3) What specific aspects of the choir do the residents and significant others find beneficial?
4) What are the perceived effects of the choir on residents as described by caregivers/significant others of the residents?

The purpose of the proposed project is to examine the effects of choral singing with residents of Baycrest Apotex Centre diagnosed with Alzheimer’s Disease, Dementia, or Cognitive Impairment, and their caregivers.  This study, “Buddy’s Glee Club 3” aims to expand the research by focusing on the effects of singing in a choir with residents diagnosed with cognitive disorders, and to also examine the perceived effects of the choir on integrating care givers of the Apotex’s participants.

This study will contain three different subject groups.
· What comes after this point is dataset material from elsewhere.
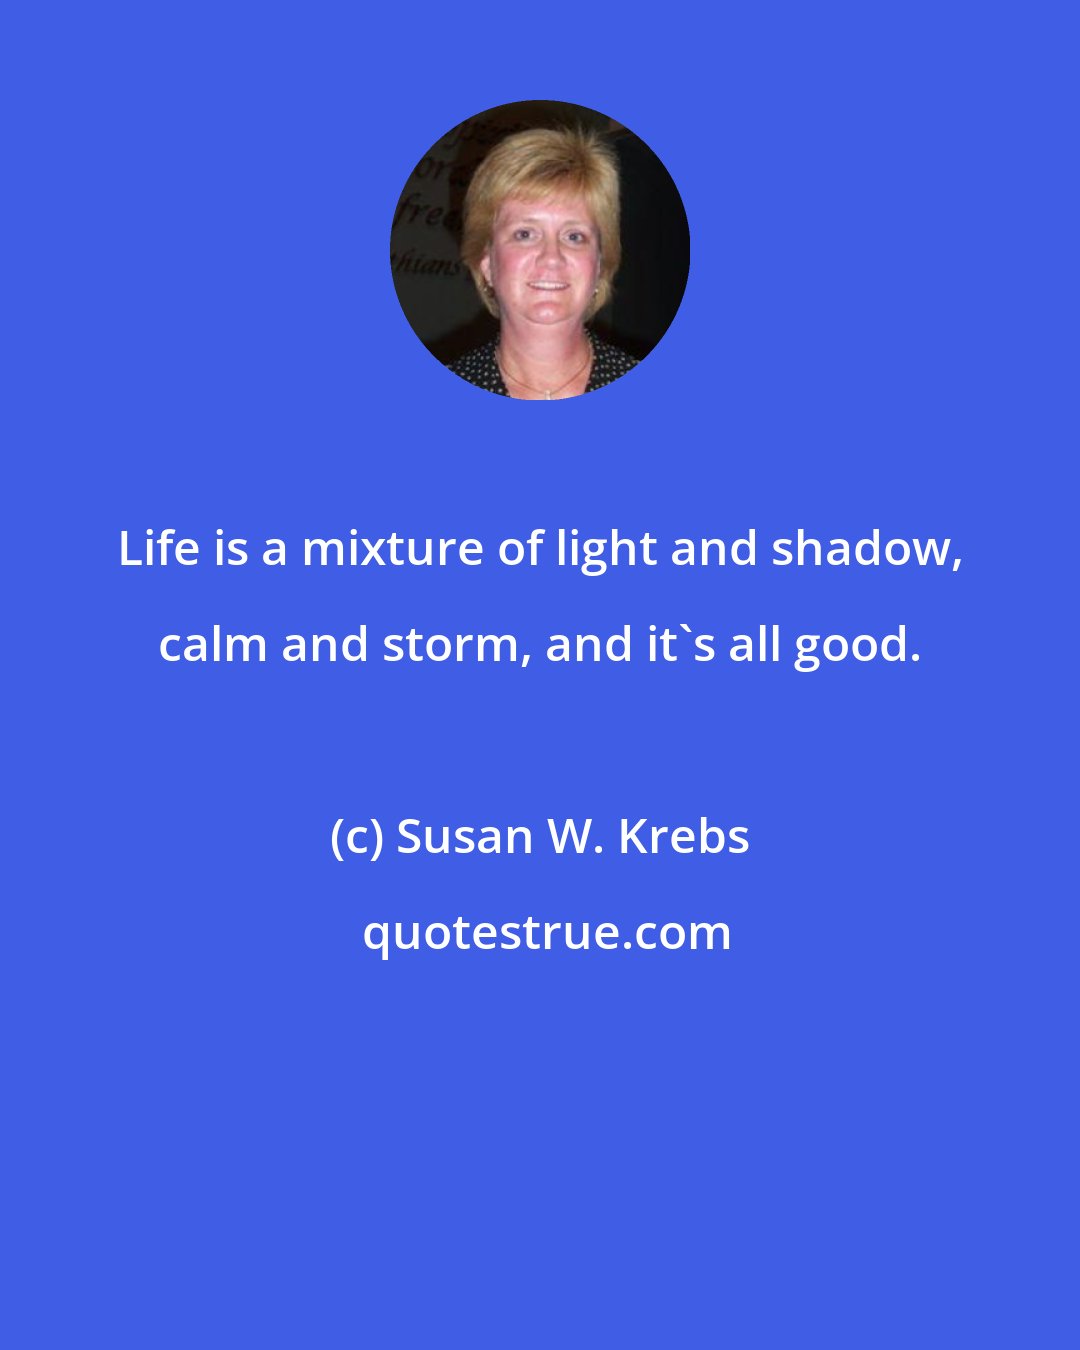 Susan W. Krebs: Life is a mixture of light and shadow, calm and storm, and it's all good.

The first subject group involves residents diagnosed with cognitive impairment and will focus on changes in pain, mood, social interactions, and energy from the beginning of each session to the end, and will also focus on overall change from the beginning of the choir sessions to the end of the choir sessions. The second subject group contains significant others’ (S.O.’s)/ caregivers of the residents, including spouses, children, relatives, or private caregivers. The S.O’s/ caregivers will also be examined to observe changes in pain, mood, and energy, and also their perceived benefits of the choir for themselves and their loved one/ friend. The third group consists of Baycrest staff, volunteers and/or students who are involved in each week’s session.